The economics literature has shown that moral hazards are more common than usual among complex corporations that are pressured by shareholders to take risks for profit purposes, and in industries dominated by natural monopolies or oligopolies (Laffont, 1995, pp. 319–320). The telecommunications industry exhibits both of these characteristics. Large corporations are also expected to make large profits in ways that conflict with risk reduction efforts in non-economic areas like environmental compliance, while the structure of such corporations reduces the ability of managers to oversee the environmental activities of workers at the level needed to prevent damage before it occurs (Gabel & Sinclair-Desgagné, 1993, pp. 229–233).

These are traditional reasons for regulatory oversight of corporations and industries, and such oversight has been lacking for the use of publicly owned lands by telecom firms. Well-designed public policy is necessary in any advanced society, especially for practices that create moral hazards and principal-agent problems (Bergman & Lane, 1990, p. 339). Oversight of corporate actors (“agents”) will discourage them from hiding information, which in turn gives them an advantage over the contractual relationship; regulators (“principals”) could level the informational playing field with incentives and rewards for behaving equitably (Hiriart & Martimort, 2004, pp. 4–5). This article also positions the FCC as a somewhat aloof player in the principal-agent problem of telecom land usage, and this increases the distance and misunderstandings between the ultimate regulator (the FCC) and the ultimate sufferers of land use inequities (citizens), with the potential intermediary (local government) largely cut out of the process. This type of fractured arrangement is known to induce additional moral hazards as well (Bergman & Lane, 1990, p. 345).

This problem can be addressed with stronger institutional oversight (Braun & Guston, 2003, p. 303). Such oversight has been found to be particularly effective in encouraging firms to manage their environmental impact by reducing their temptations to engage in risky behavior (Gabel & Sinclair-Desgagné, 1993, pp. 238–239).
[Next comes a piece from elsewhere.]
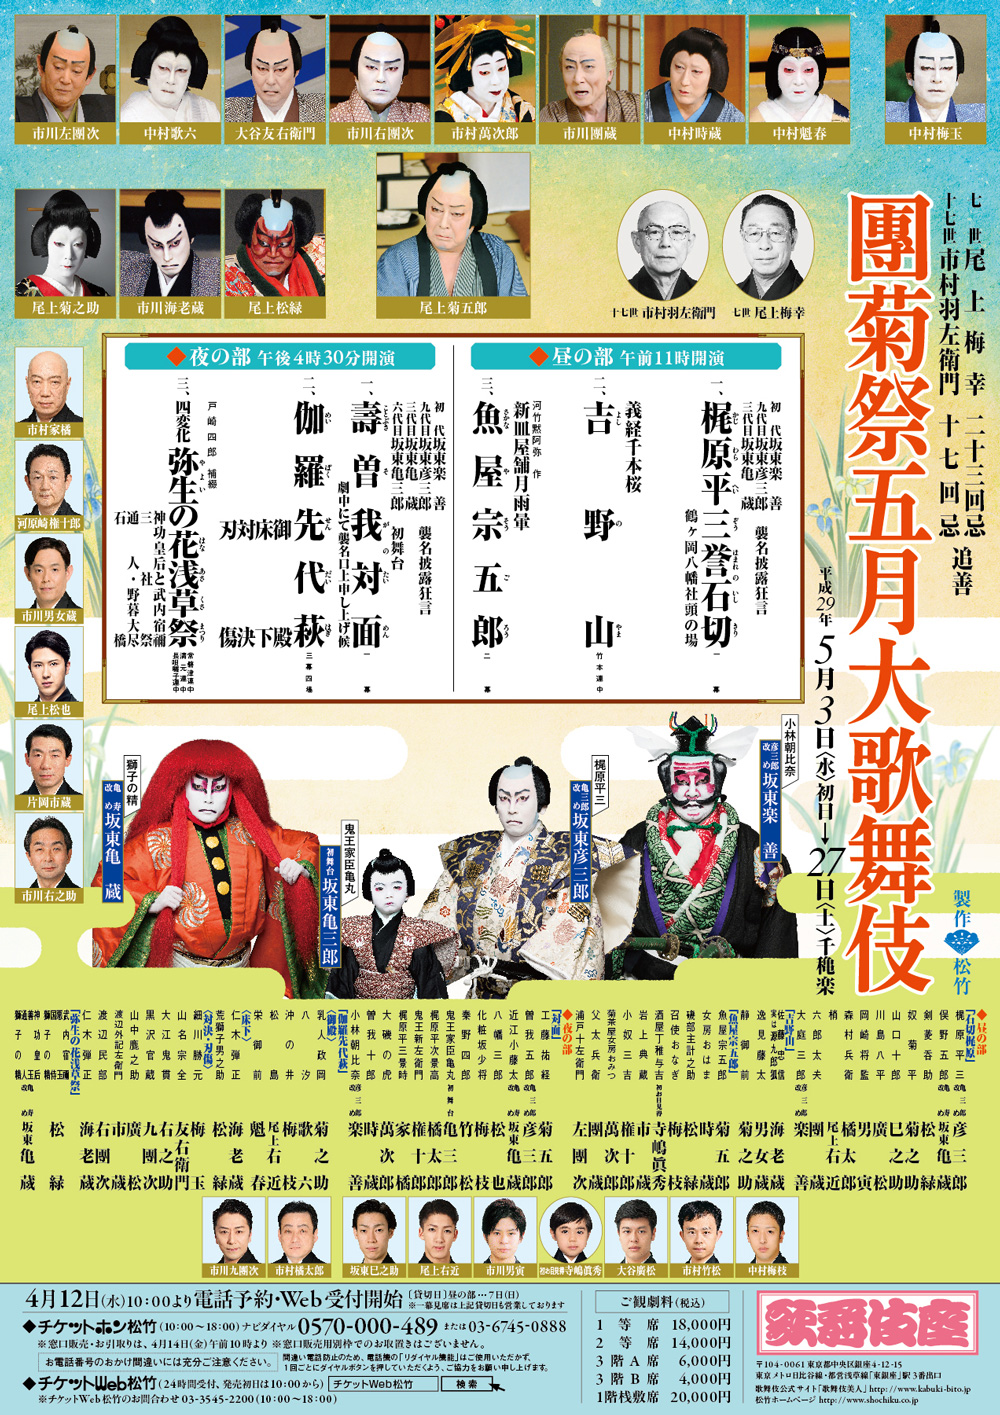 http://www.kabuki-bito.jp/uploads/images/kouen/518/kabukiza_201705fff_6eed1d26d3b89aad73b6d6622f4da399.jpg

This article recommends that FCC regulations regarding usage of public lands for advanced network construction should acknowledge the needs of affected landowners and local communities. This can be accomplished with a replacement of Section 253 of the Telecommunications Act, or at least a softer interpretation of it. This may require Congressional action.

By requiring the needs of the network and of telecom firms to be considered first in any local land use regulation, the concerns of local governments – who are much more knowledgeable about local conditions and the interests of citizens – are frozen out of the process almost a priori. This regulatory pattern incentivizes firms to never consider any interests other than their own when they use publicly owned lands. While few well-managed firms will succumb to the temptation, history shows that some might, and the effects must be suffered by everyone else. A possible solution is to encourage more equitable viewpoints on the American telecommunications regulations that enable the discrepancies of knowledge and power embodied in the principal-agent relationship at hand, which in turn will reduce the possible moral hazard of risky land use by one party who knows that someone else will have to deal with the consequences.